Una vez preparado, el pescador se acercó a su hijo y le habló en tono grave:

—Si algo malo me ocurriera, Segovax —dijo suavemente—, tú serás el hombre de la familia. Debes ocuparte de tu madre y tus hermanos. ¿Comprendes?

Al cabo de unos momentos, el padre de Segovax llamó a la pequeña Branwen y empezó a decirle que debía portarse bien, pero la idea le pareció tan absurda que el hombre soltó una carcajada y se contentó con abrazarla y darle un beso.

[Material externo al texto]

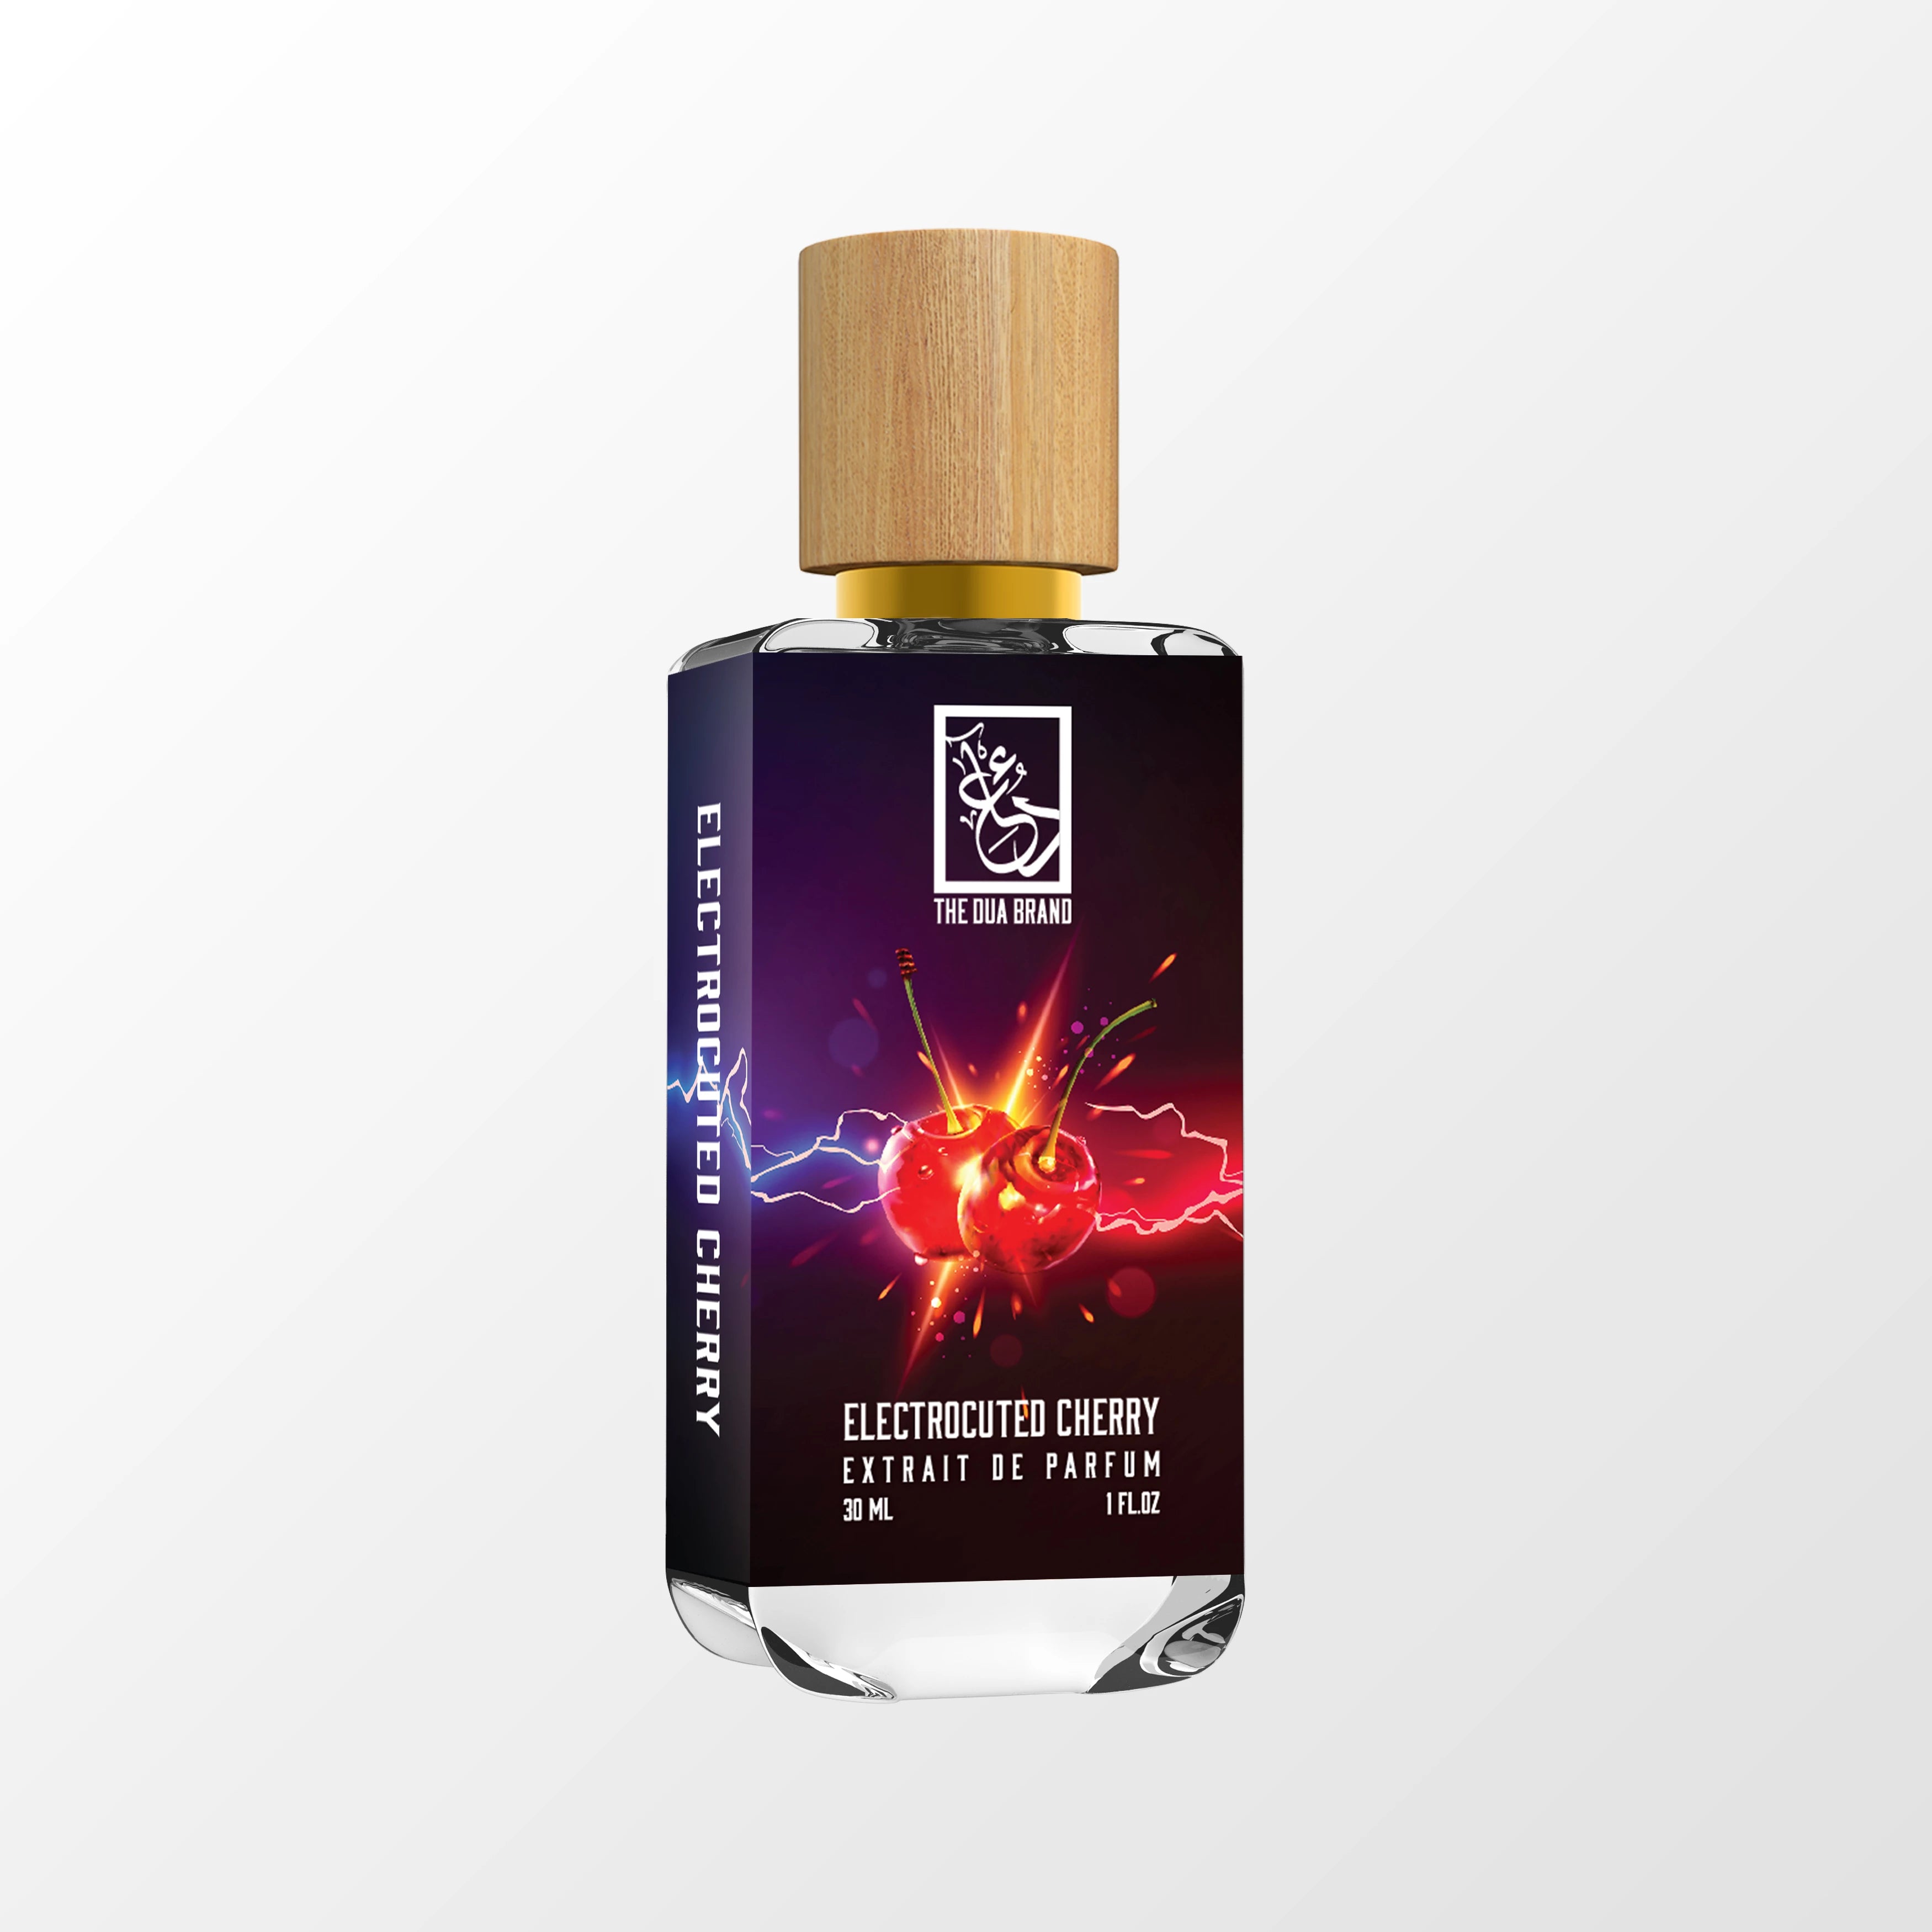 Electrocuted Cherry - DUA FRAGRANCES - Inspired by Electric Cherry Tom Ford  - Unisex Perfume - 34ml/1.1 FL OZ - Extrait De Parfum

Ya todo estaba listo. Los hombres aguardaban junto al extremo de la lengua de tierra, dispuestos a partir. Las mujeres y los niños de la aldea ocupaban cuatro grandes canoas. Dos balsas transportaban las provisiones y sus pertenencias. Los aldeanos esperaban recibir órdenes del noble a cargo de las tropas, que acababa de partir de la empalizada y se dirigía por el río hacia la aldea.

A los pocos minutos llegó el capitán de barba negra. Sus ojos duros y perspicaces observaron a los hombres y a las mujeres congregados a la orilla del río. Cartimandua, de pie junto al bote con sus tres hijos, le dirigió una mirada interrogadora. Él asintió con la cabeza casi imperceptiblemente.

—Parece que todo está en orden —observó con tono hosco. Tras examinar a sus hombres, se apresuró a elegir a tres—. Iréis con los botes en calidad de centinelas —dijo. Tras una pausa, continuó—: Todas las aldeas estarán reunidas cinco días río arriba. Allí hay un fuerte. Más tarde recibiréis instrucciones. —Luego miró al marido de Cartimandua—. Tú también irás. Estarás a cargo del grupo. Pon unos centinelas cada noche. —Tras esas palabras dio media vuelta para marcharse.

Había funcionado. Cartimandua sintió alivio. Gracias a los dioses todos estaban a salvo, al menos de momento. La mujer se sentó en el bote. Durante un momento no se dio cuenta de que su marido no se había movido.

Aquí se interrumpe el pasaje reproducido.